18. The active composition according to claim 15, wherein, in said solid product, the ratio of native proteins to non-native proteins is greater than 1.

19. The active composition according to claim 1, wherein said filamentous fungus is a Fusarium specie.

20. The active composition according to claim 16, wherein filamentous fungus in said active composition comprises filaments having lengths of greater than 150 μm; and/or greater than 5 vol % of filamentous fungus in said active composition comprises filaments having lengths of greater than 150 μm.

21. The active composition according to claim 16, wherein said solid product includes less than 15 wt % of water; and/or includes at least 35 wt % e protein on a dry matter basis; and/or includes less than 60 wt % protein on a dry matter basis; and/or includes at least 10 wt % dietary fibre on a dry matter basis; and/or includes less than 25 wt % dietary fibre on a dry matter basis; and/or includes at least 8 wt % fat on a dry matter basis; and/or includes less than 20 wt % fat on a dry matter basis.

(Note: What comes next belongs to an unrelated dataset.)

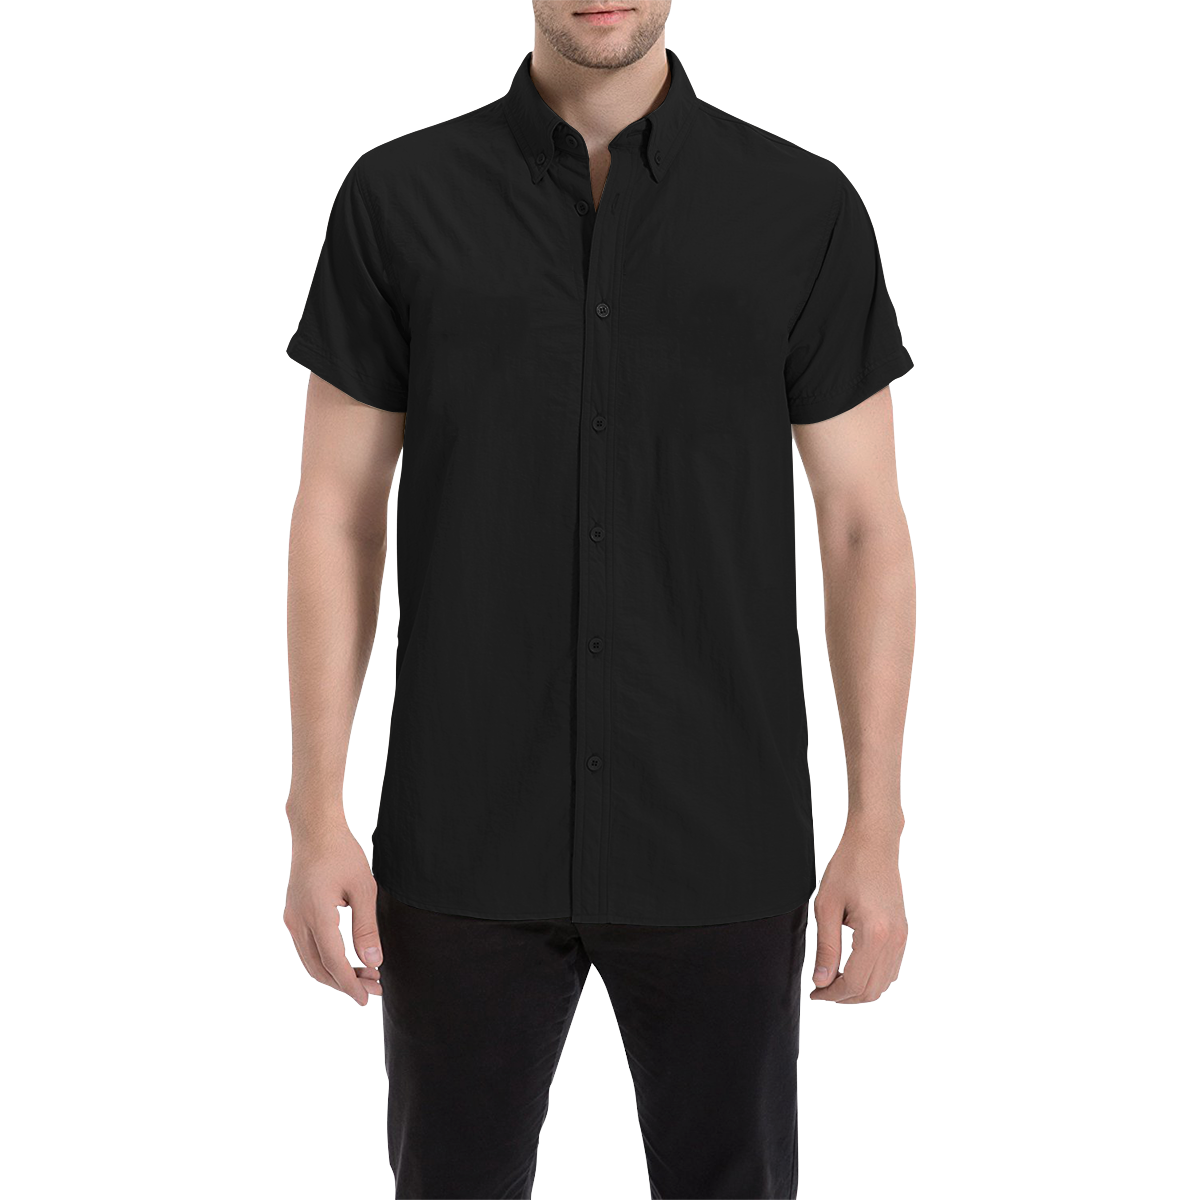 Simply Black Men's All Over Print Short Sleeve Shirt (Model T53)

22. The active composition according to claim 16, wherein said active composition and/or said solid product include moieties which will not pass through a 120 kDa and/or a 150 kDa ultrafiltration membrane.

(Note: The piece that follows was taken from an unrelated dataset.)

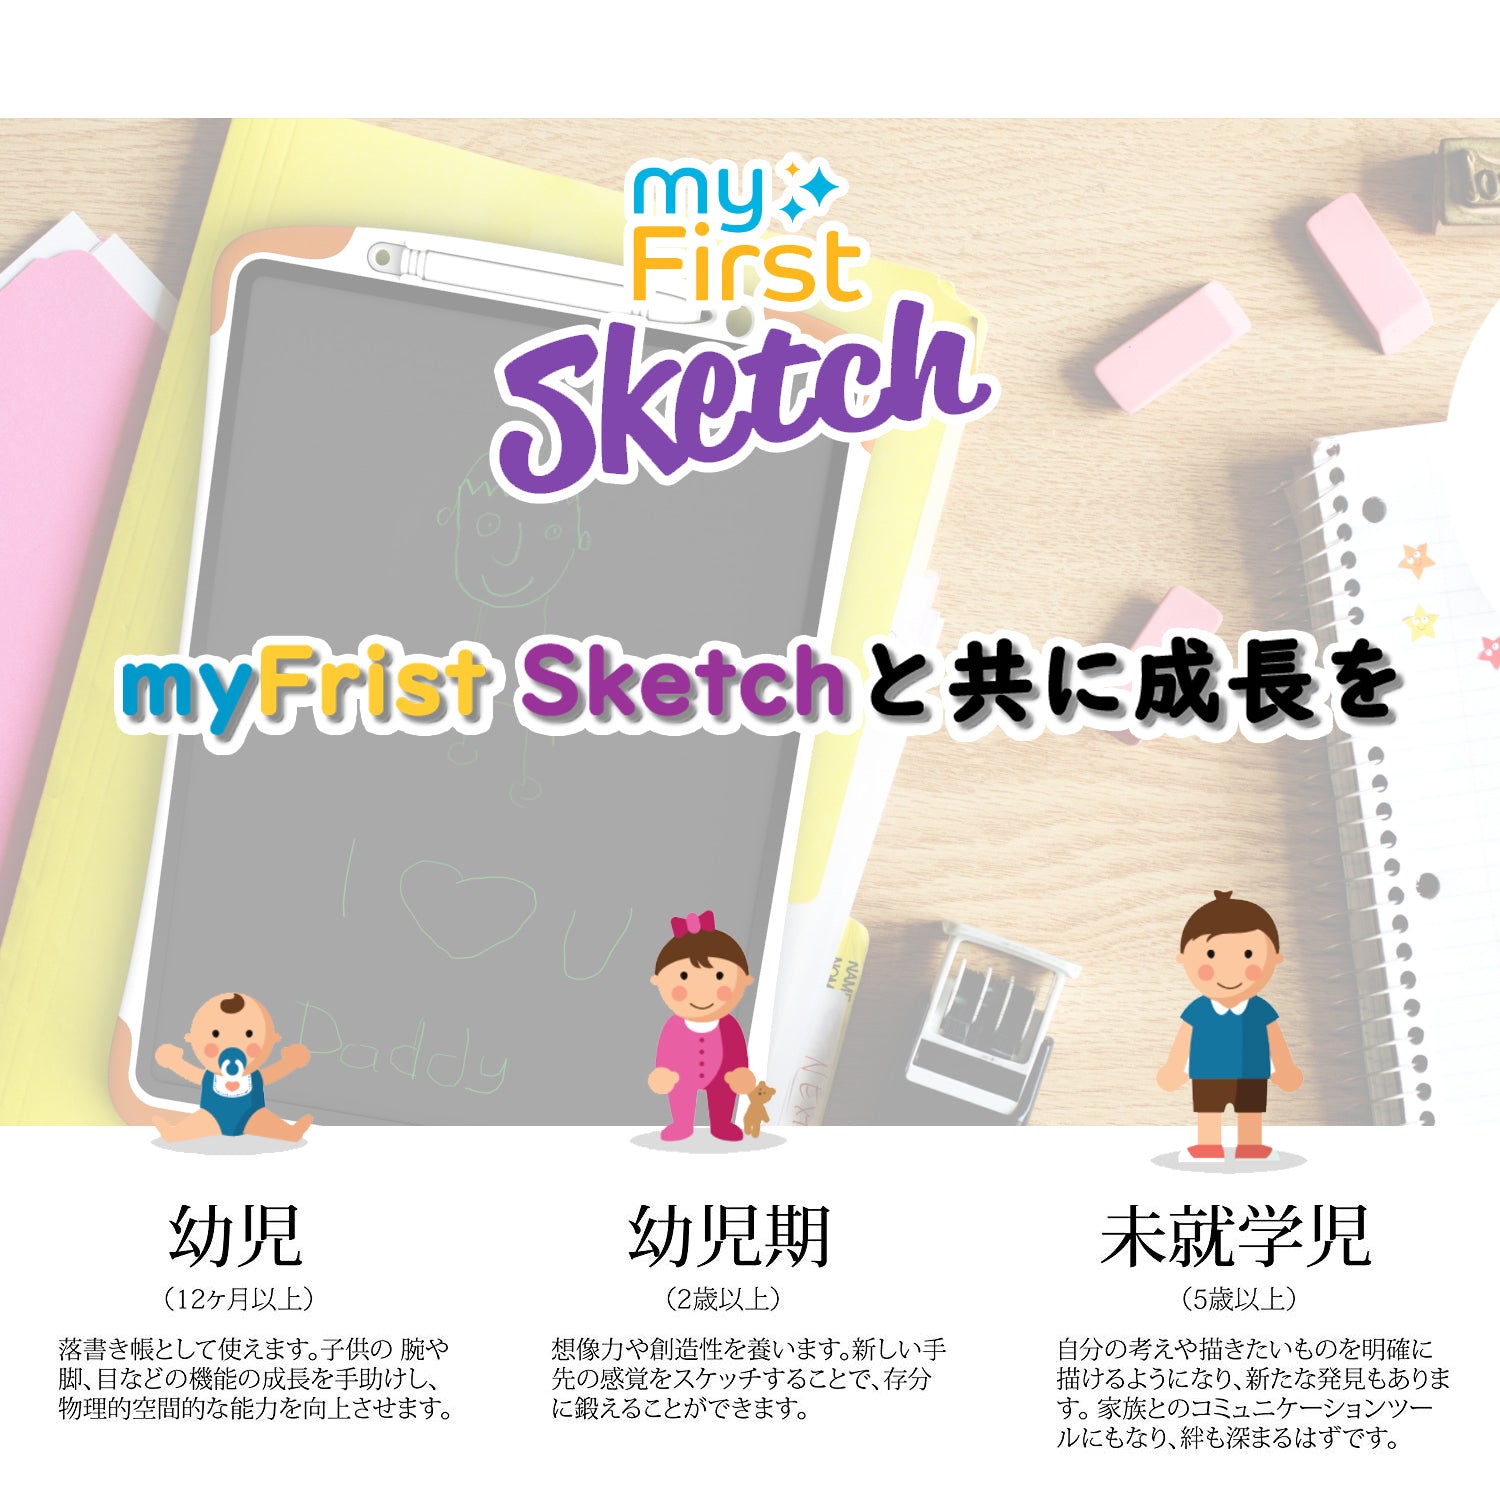 マイファーストスケッチ NEO myFirst Sketch NEO 電子スケッチ 七色 | Oaxis Japan.

23. The active composition according to claim 16, wherein said active composition and/or said solid product includes native proteins.

24. The active composition according to claim 16, wherein said active composition and/or said solid product include at least 3 wt % or at least 6 wt % of RNA on a dry matter basis.

25. A method of: (i) producing an emulsion in a material;(ii) increasing the viscosity of a material; and/or(iii) increasing gelation in a material;

26. The method according to claim 25, wherein said material is a food or a non-food.

27. The use of an active material of claim 16, for: (i) foaming in a material;(ii) emulsification in a material;(iii) increasing the viscosity in a material; and/or(iv) gelation in a material.